WHAT IS NEEDED >> Transcribe all the data, leaving each word as it is.

----- EXCERPTED RECORDS -----

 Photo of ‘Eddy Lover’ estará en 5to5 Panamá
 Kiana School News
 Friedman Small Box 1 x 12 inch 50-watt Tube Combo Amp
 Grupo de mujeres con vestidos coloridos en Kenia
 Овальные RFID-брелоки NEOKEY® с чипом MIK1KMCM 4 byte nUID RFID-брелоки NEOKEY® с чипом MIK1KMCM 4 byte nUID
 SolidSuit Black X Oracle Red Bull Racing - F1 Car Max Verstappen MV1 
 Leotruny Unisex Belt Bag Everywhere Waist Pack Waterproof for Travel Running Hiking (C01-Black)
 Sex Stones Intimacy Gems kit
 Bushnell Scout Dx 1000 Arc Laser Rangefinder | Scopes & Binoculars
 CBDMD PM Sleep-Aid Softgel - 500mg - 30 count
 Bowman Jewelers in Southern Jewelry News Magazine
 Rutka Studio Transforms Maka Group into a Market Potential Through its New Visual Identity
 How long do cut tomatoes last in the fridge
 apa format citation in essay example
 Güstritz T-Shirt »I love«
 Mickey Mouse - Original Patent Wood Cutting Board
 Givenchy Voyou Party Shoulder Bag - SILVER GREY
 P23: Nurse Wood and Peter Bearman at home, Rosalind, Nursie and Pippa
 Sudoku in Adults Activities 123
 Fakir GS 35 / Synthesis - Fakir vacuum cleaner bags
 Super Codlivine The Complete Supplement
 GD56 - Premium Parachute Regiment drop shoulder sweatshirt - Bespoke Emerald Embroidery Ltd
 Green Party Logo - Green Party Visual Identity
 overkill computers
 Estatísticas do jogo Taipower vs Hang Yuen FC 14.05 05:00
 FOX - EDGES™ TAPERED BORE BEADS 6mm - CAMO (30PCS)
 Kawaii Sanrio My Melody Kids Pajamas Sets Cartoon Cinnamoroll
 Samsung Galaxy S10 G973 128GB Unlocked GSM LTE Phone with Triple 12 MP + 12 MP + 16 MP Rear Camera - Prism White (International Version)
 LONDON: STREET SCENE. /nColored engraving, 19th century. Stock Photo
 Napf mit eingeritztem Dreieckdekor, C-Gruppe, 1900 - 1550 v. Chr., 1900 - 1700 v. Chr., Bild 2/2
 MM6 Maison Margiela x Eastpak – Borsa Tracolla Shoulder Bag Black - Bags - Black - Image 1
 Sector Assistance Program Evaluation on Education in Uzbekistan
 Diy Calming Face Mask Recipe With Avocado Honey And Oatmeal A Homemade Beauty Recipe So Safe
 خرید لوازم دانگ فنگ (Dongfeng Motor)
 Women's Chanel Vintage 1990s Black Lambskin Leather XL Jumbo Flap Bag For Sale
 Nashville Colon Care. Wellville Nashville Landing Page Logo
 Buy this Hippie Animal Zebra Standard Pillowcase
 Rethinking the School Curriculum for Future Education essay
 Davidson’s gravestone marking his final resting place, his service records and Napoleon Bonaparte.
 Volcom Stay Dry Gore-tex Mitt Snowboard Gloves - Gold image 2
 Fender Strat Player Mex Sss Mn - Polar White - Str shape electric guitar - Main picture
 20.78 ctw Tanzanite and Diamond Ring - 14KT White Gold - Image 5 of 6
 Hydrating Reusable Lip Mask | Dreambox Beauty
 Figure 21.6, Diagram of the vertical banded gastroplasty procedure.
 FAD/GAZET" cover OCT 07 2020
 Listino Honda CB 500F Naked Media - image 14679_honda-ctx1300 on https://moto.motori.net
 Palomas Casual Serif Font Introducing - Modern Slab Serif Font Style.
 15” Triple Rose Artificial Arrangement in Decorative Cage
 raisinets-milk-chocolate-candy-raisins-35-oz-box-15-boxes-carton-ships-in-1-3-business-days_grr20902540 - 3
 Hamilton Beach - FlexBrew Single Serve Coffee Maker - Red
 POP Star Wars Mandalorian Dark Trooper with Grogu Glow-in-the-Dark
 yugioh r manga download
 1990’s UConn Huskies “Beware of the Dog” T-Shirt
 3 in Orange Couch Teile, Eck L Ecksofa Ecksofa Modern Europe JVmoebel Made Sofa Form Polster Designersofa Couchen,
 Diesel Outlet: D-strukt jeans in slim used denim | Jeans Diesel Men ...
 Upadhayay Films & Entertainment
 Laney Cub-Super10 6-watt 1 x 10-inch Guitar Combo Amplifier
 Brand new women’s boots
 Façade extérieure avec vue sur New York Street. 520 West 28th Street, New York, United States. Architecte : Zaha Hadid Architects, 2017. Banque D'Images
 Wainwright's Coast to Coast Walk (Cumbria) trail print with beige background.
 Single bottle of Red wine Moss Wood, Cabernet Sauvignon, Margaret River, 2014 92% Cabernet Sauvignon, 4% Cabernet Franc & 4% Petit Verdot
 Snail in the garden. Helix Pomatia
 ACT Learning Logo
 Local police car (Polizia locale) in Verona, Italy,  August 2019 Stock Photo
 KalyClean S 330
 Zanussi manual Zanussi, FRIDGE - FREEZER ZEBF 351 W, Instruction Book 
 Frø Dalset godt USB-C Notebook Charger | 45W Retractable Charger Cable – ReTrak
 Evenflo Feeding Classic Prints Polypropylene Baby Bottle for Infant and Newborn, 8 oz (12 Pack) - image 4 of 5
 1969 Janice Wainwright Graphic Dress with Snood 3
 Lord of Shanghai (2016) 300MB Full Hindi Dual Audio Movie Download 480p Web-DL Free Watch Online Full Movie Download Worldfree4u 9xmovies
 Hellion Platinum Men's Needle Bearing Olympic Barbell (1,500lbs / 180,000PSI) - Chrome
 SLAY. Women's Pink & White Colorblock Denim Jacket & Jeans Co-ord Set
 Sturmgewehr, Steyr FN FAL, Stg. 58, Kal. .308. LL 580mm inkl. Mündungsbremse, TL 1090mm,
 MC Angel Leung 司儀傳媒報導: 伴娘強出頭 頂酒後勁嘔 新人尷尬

-----

RESULT OF THIS TASK >>
 Photo of ‘Eddy Lover’ estará en 5to5 Panamá
 Kiana School News
 Friedman Small Box 1 x 12 inch 50-watt Tube Combo Amp
 Grupo de mujeres con vestidos coloridos en Kenia
 Овальные RFID-брелоки NEOKEY® с чипом MIK1KMCM 4 byte nUID RFID-брелоки NEOKEY® с чипом MIK1KMCM 4 byte nUID
 SolidSuit Black X Oracle Red Bull Racing - F1 Car Max Verstappen MV1 
 Leotruny Unisex Belt Bag Everywhere Waist Pack Waterproof for Travel Running Hiking (C01-Black)
 Sex Stones Intimacy Gems kit
 Bushnell Scout Dx 1000 Arc Laser Rangefinder | Scopes & Binoculars
 CBDMD PM Sleep-Aid Softgel - 500mg - 30 count
 Bowman Jewelers in Southern Jewelry News Magazine
 Rutka Studio Transforms Maka Group into a Market Potential Through its New Visual Identity
 How long do cut tomatoes last in the fridge
 apa format citation in essay example
 Güstritz T-Shirt »I love«
 Mickey Mouse - Original Patent Wood Cutting Board
 Givenchy Voyou Party Shoulder Bag - SILVER GREY
 P23: Nurse Wood and Peter Bearman at home, Rosalind, Nursie and Pippa
 Sudoku in Adults Activities 123
 Fakir GS 35 / Synthesis - Fakir vacuum cleaner bags
 Super Codlivine The Complete Supplement
 GD56 - Premium Parachute Regiment drop shoulder sweatshirt - Bespoke Emerald Embroidery Ltd
 Green Party Logo - Green Party Visual Identity
 overkill computers
 Estatísticas do jogo Taipower vs Hang Yuen FC 14.05 05:00
 FOX - EDGES™ TAPERED BORE BEADS 6mm - CAMO (30PCS)
 Kawaii Sanrio My Melody Kids Pajamas Sets Cartoon Cinnamoroll
 Samsung Galaxy S10 G973 128GB Unlocked GSM LTE Phone with Triple 12 MP + 12 MP + 16 MP Rear Camera - Prism White (International Version)
 LONDON: STREET SCENE. /nColored engraving, 19th century. Stock Photo
 Napf mit eingeritztem Dreieckdekor, C-Gruppe, 1900 - 1550 v. Chr., 1900 - 1700 v. Chr., Bild 2/2
 MM6 Maison Margiela x Eastpak – Borsa Tracolla Shoulder Bag Black - Bags - Black - Image 1
 Sector Assistance Program Evaluation on Education in Uzbekistan
 Diy Calming Face Mask Recipe With Avocado Honey And Oatmeal A Homemade Beauty Recipe So Safe
 خرید لوازم دانگ فنگ (Dongfeng Motor)
 Women's Chanel Vintage 1990s Black Lambskin Leather XL Jumbo Flap Bag For Sale
 Nashville Colon Care. Wellville Nashville Landing Page Logo
 Buy this Hippie Animal Zebra Standard Pillowcase
 Rethinking the School Curriculum for Future Education essay
 Davidson’s gravestone marking his final resting place, his service records and Napoleon Bonaparte.
 Volcom Stay Dry Gore-tex Mitt Snowboard Gloves - Gold image 2
 Fender Strat Player Mex Sss Mn - Polar White - Str shape electric guitar - Main picture
 20.78 ctw Tanzanite and Diamond Ring - 14KT White Gold - Image 5 of 6
 Hydrating Reusable Lip Mask | Dreambox Beauty
 Figure 21.6, Diagram of the vertical banded gastroplasty procedure.
 FAD/GAZET" cover OCT 07 2020
 Listino Honda CB 500F Naked Media - image 14679_honda-ctx1300 on https://moto.motori.net
 Palomas Casual Serif Font Introducing - Modern Slab Serif Font Style.
 15” Triple Rose Artificial Arrangement in Decorative Cage
 raisinets-milk-chocolate-candy-raisins-35-oz-box-15-boxes-carton-ships-in-1-3-business-days_grr20902540 - 3
 Hamilton Beach - FlexBrew Single Serve Coffee Maker - Red
 POP Star Wars Mandalorian Dark Trooper with Grogu Glow-in-the-Dark
 yugioh r manga download
 1990’s UConn Huskies “Beware of the Dog” T-Shirt
 3 in Orange Couch Teile, Eck L Ecksofa Ecksofa Modern Europe JVmoebel Made Sofa Form Polster Designersofa Couchen,
 Diesel Outlet: D-strukt jeans in slim used denim | Jeans Diesel Men ...
 Upadhayay Films & Entertainment
 Laney Cub-Super10 6-watt 1 x 10-inch Guitar Combo Amplifier
 Brand new women’s boots
 Façade extérieure avec vue sur New York Street. 520 West 28th Street, New York, United States. Architecte : Zaha Hadid Architects, 2017. Banque D'Images
 Wainwright's Coast to Coast Walk (Cumbria) trail print with beige background.
 Single bottle of Red wine Moss Wood, Cabernet Sauvignon, Margaret River, 2014 92% Cabernet Sauvignon, 4% Cabernet Franc & 4% Petit Verdot
 Snail in the garden. Helix Pomatia
 ACT Learning Logo
 Local police car (Polizia locale) in Verona, Italy,  August 2019 Stock Photo
 KalyClean S 330
 Zanussi manual Zanussi, FRIDGE - FREEZER ZEBF 351 W, Instruction Book 
 Frø Dalset godt USB-C Notebook Charger | 45W Retractable Charger Cable – ReTrak
 Evenflo Feeding Classic Prints Polypropylene Baby Bottle for Infant and Newborn, 8 oz (12 Pack) - image 4 of 5
 1969 Janice Wainwright Graphic Dress with Snood 3
 Lord of Shanghai (2016) 300MB Full Hindi Dual Audio Movie Download 480p Web-DL Free Watch Online Full Movie Download Worldfree4u 9xmovies
 Hellion Platinum Men's Needle Bearing Olympic Barbell (1,500lbs / 180,000PSI) - Chrome
 SLAY. Women's Pink & White Colorblock Denim Jacket & Jeans Co-ord Set
 Sturmgewehr, Steyr FN FAL, Stg. 58, Kal. .308. LL 580mm inkl. Mündungsbremse, TL 1090mm,
 MC Angel Leung 司儀傳媒報導: 伴娘強出頭 頂酒後勁嘔 新人尷尬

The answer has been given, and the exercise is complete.